ABOUT THIS EXERCISE >>
Although the data below contains pictures, output only the lines between those holding "cups of strawberry basil lemonade" and "N151SE, 1944 North", inclusive, exactly and without those pictures.

START GIVEN DATA

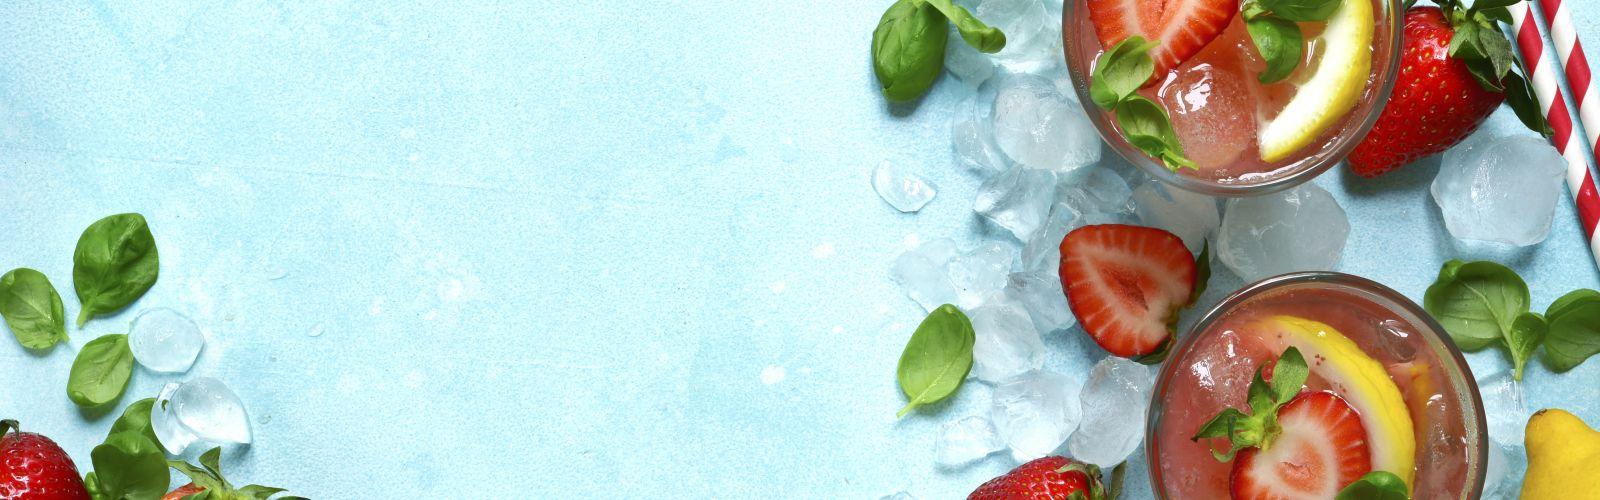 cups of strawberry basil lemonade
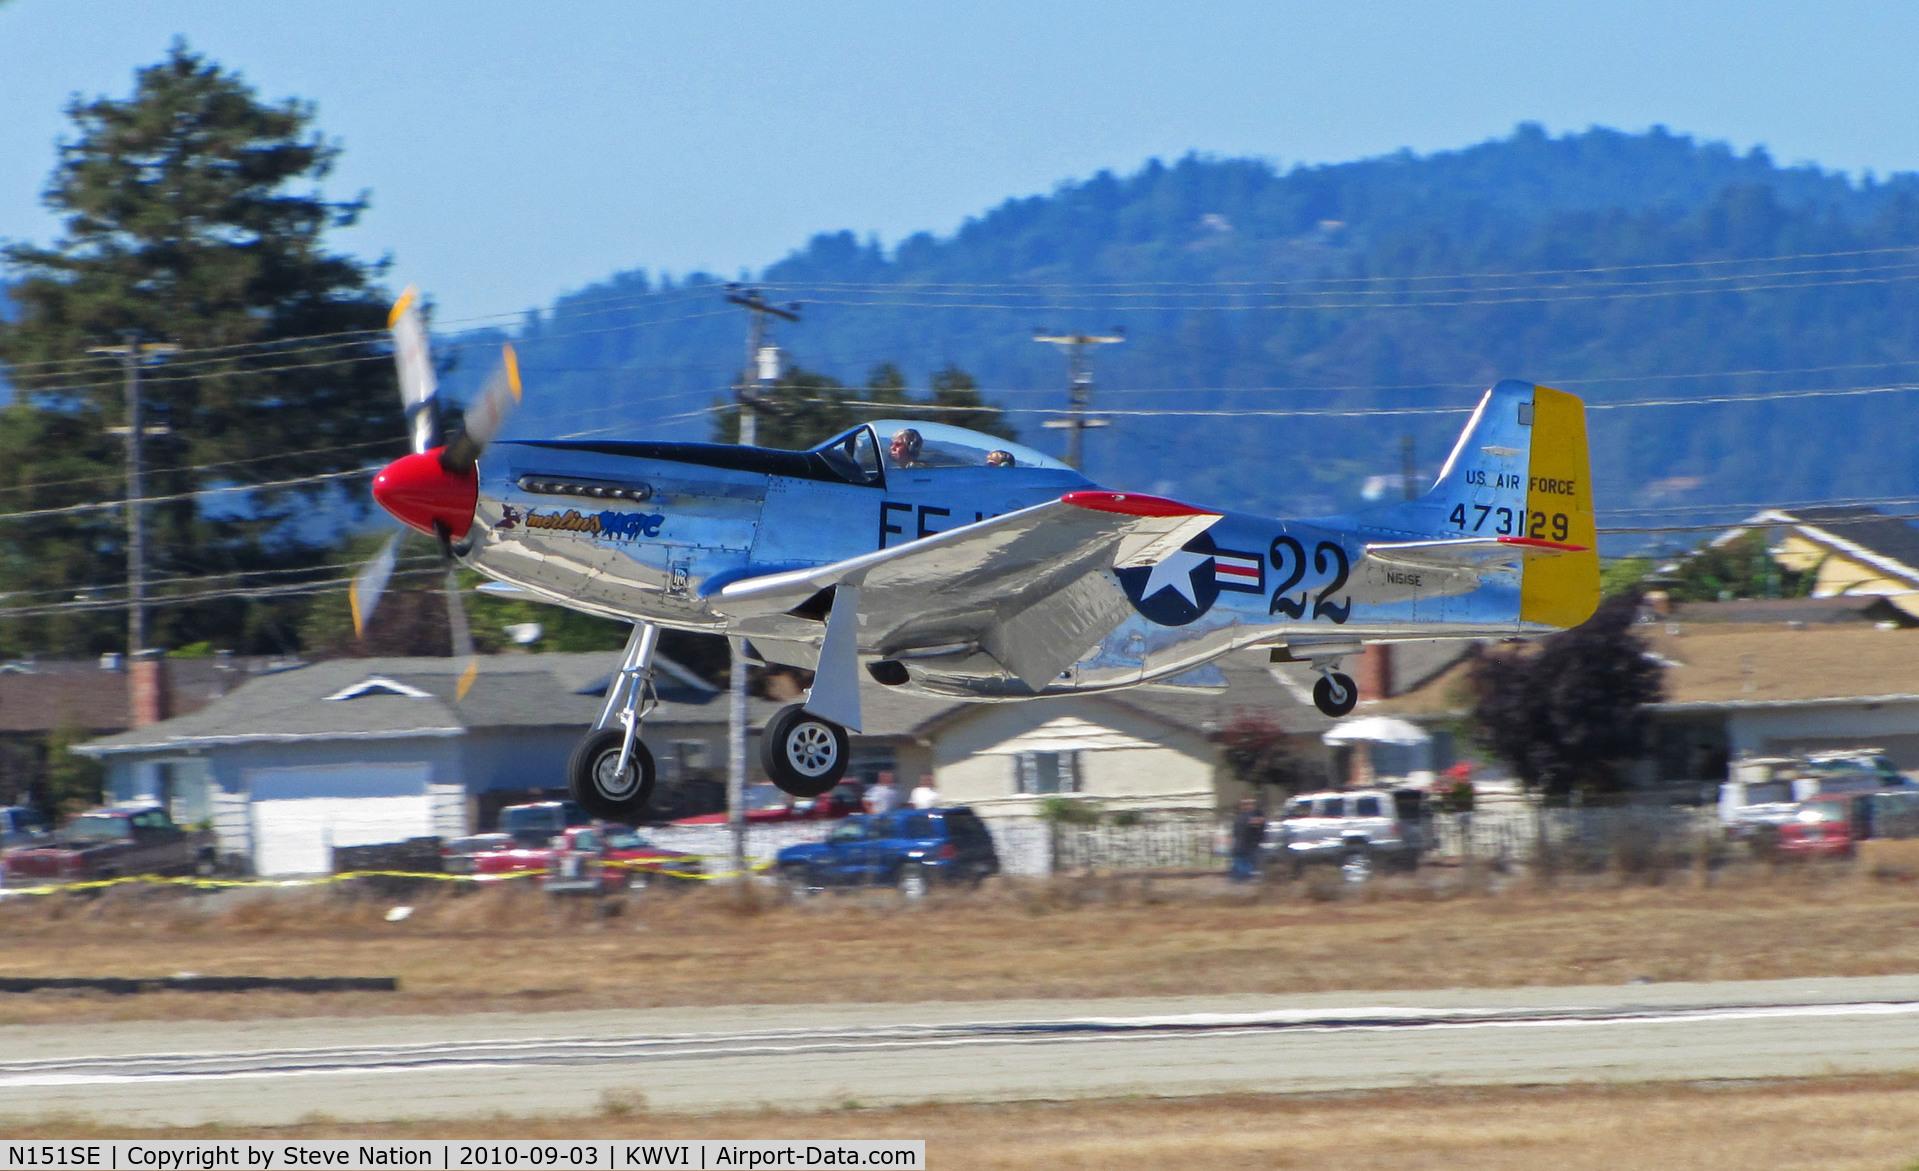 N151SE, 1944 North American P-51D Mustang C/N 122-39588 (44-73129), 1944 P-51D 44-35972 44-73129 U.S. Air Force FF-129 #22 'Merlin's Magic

END GIVEN DATA
START GIVEN DATA

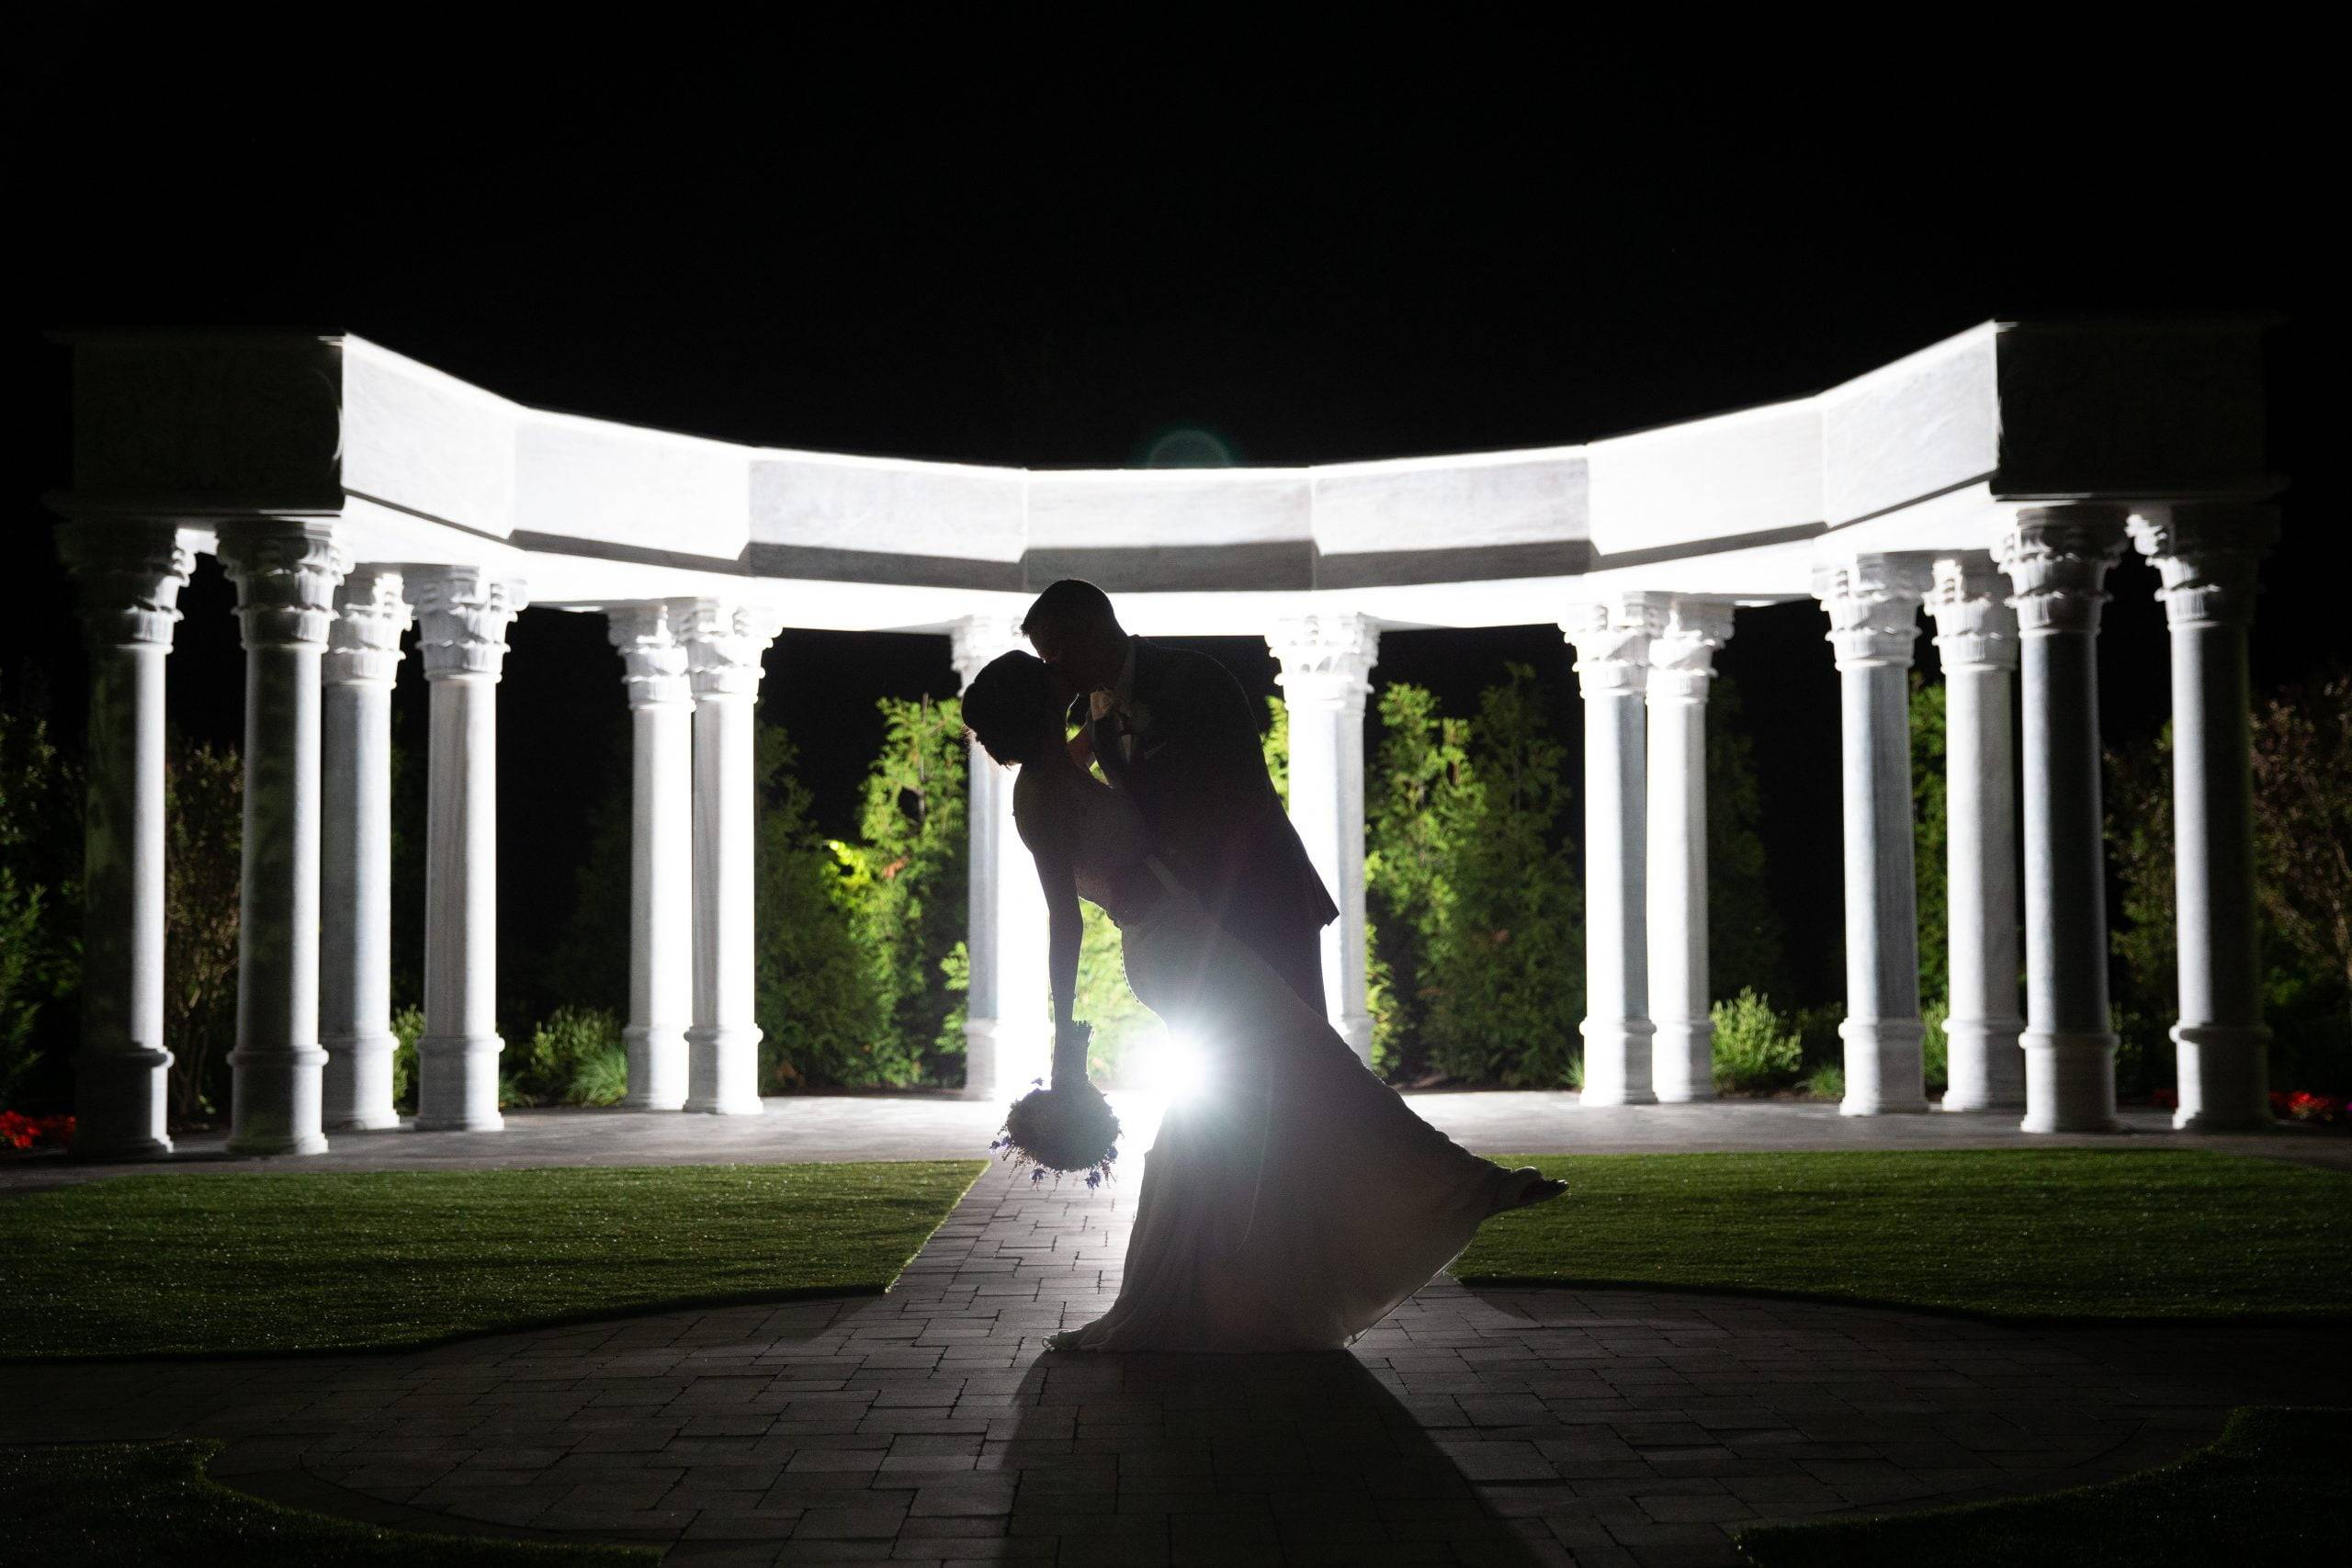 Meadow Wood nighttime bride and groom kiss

END GIVEN DATA

EXPECTED ANSWER >>
 cups of strawberry basil lemonade
 N151SE, 1944 North American P-51D Mustang C/N 122-39588 (44-73129), 1944 P-51D 44-35972 44-73129 U.S. Air Force FF-129 #22 'Merlin's Magic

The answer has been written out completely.